TASK TO CARRY OUT – Omitting the pictures, print every line below exactly as it stands.
STORED DATA: Begin
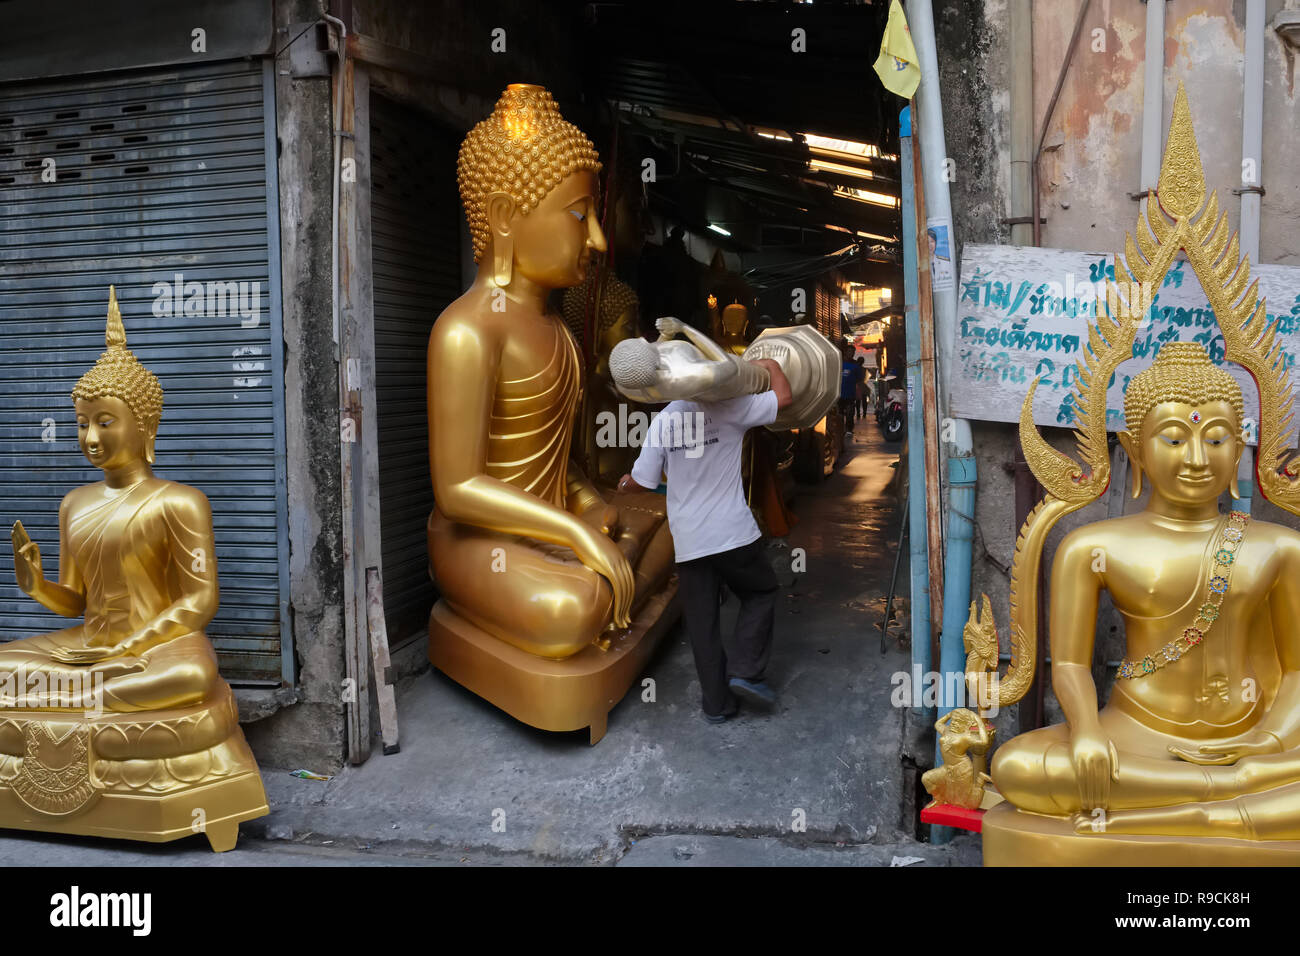 In a factory for Buddha statues in Bamrung Muang Road, Bangkok, Thailand, an employee carries a half-finished statue, passing other Buddha statues Stock Photo
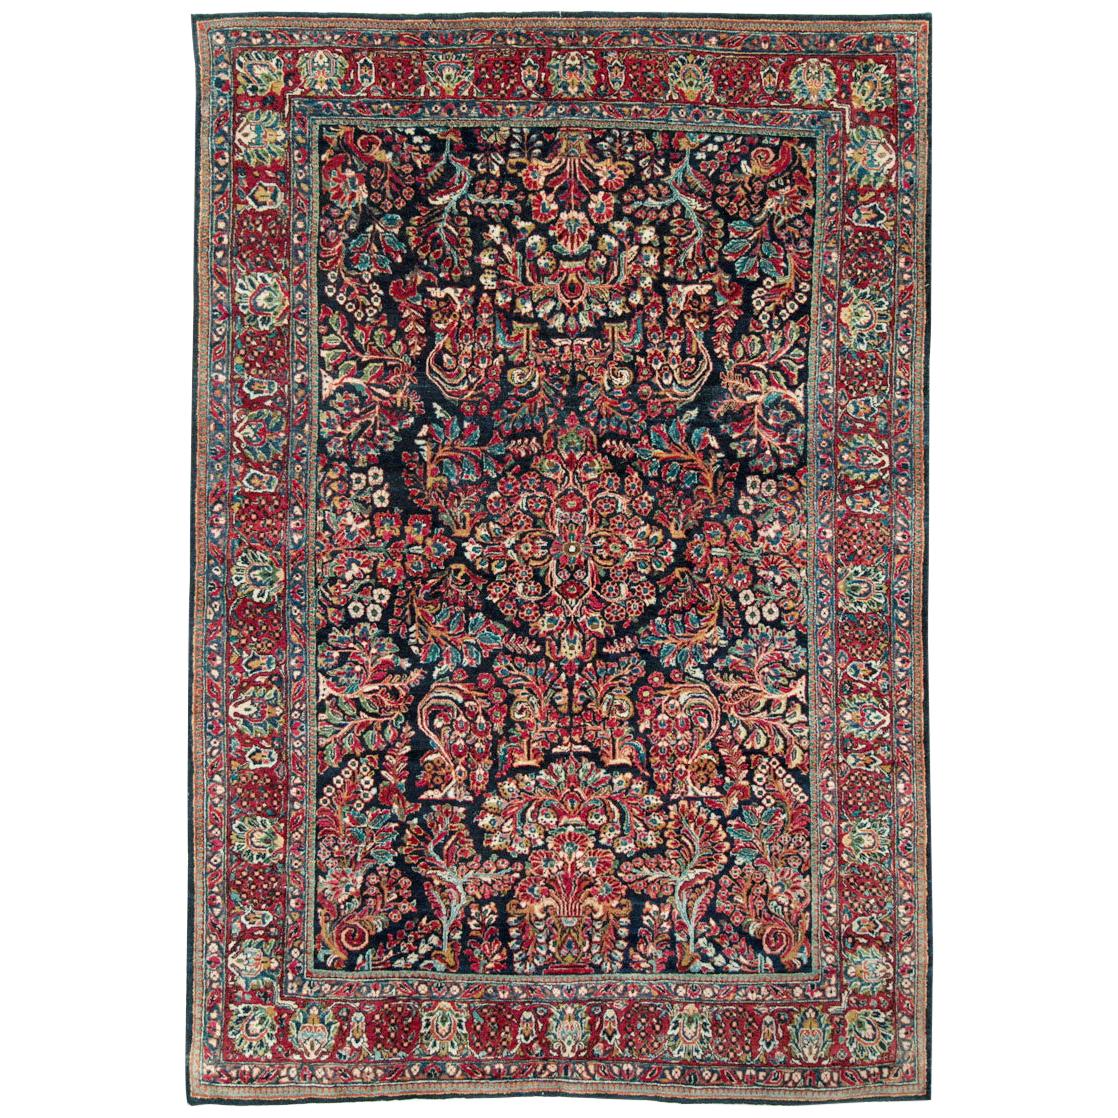 Early 20th Century Persian "American" Style Floral Sarouk Accent Rug
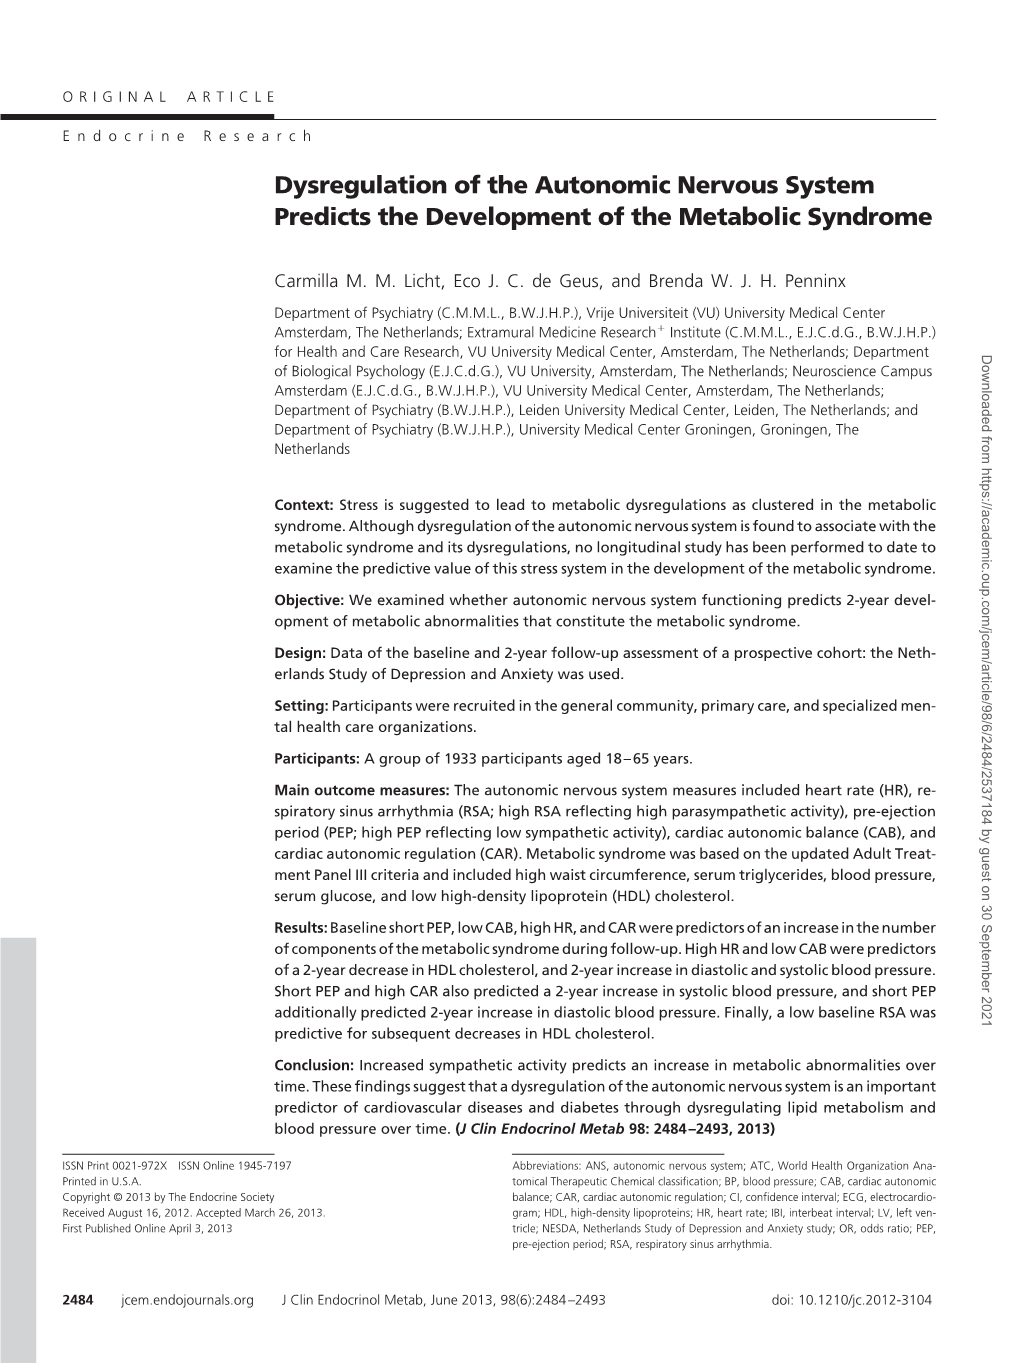 Dysregulation of the Autonomic Nervous System Predicts the Development of the Metabolic Syndrome
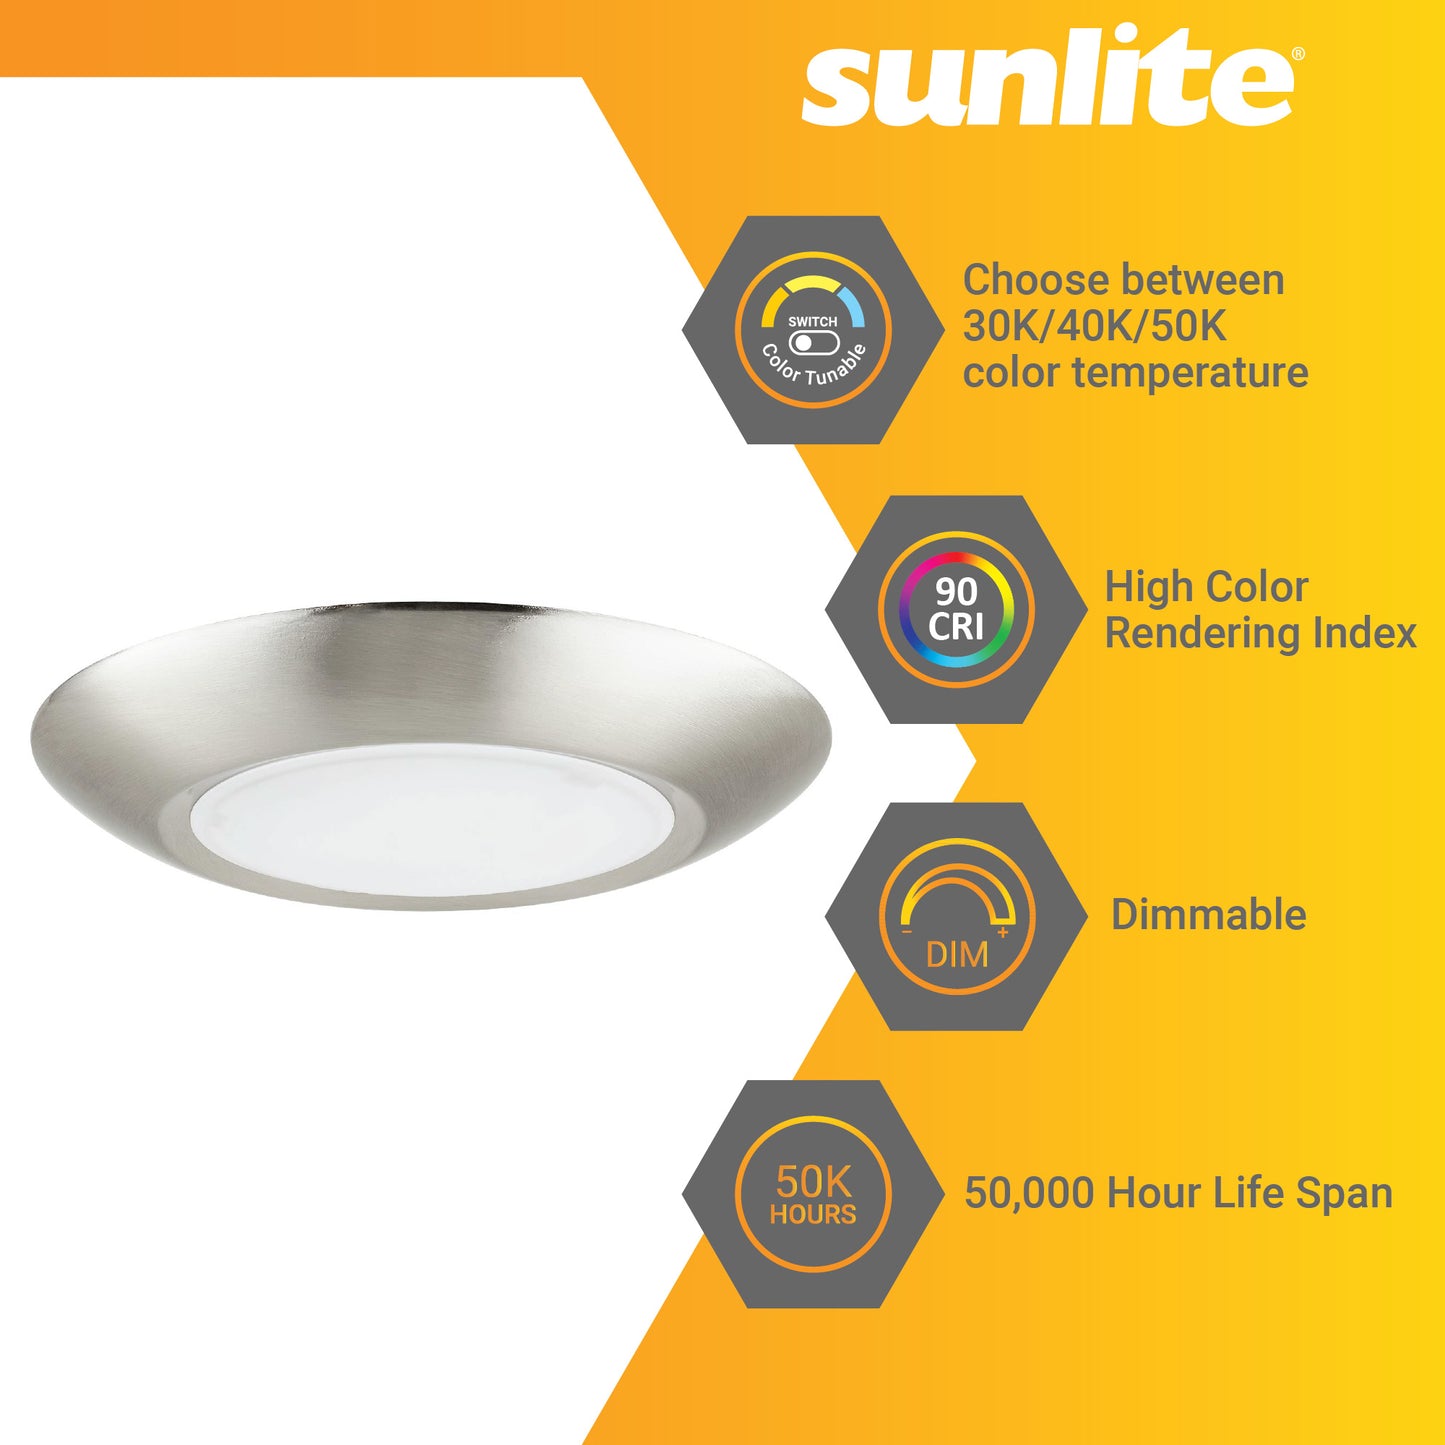 Sunlite 6-Inch Round LED Mini Flat Panel Fixture, 15 Watts (60W Equivalent), 120 Volts, Color Tunable (30K/40K/50K), 800 Lumens, Dimmable, 50,000 Hour Life Span, ETL Listed, Brushed Nickel Finish
STORED DATA: End
RESPONSE BOX –
 In a factory for Buddha statues in Bamrung Muang Road, Bangkok, Thailand, an employee carries a half-finished statue, passing other Buddha statues Stock Photo
 Early 20th Century Persian "American" Style Floral Sarouk Accent Rug
 Dysregulation of the Autonomic Nervous System Predicts the Development of the Metabolic Syndrome
 Sunlite 6-Inch Round LED Mini Flat Panel Fixture, 15 Watts (60W Equivalent), 120 Volts, Color Tunable (30K/40K/50K), 800 Lumens, Dimmable, 50,000 Hour Life Span, ETL Listed, Brushed Nickel Finish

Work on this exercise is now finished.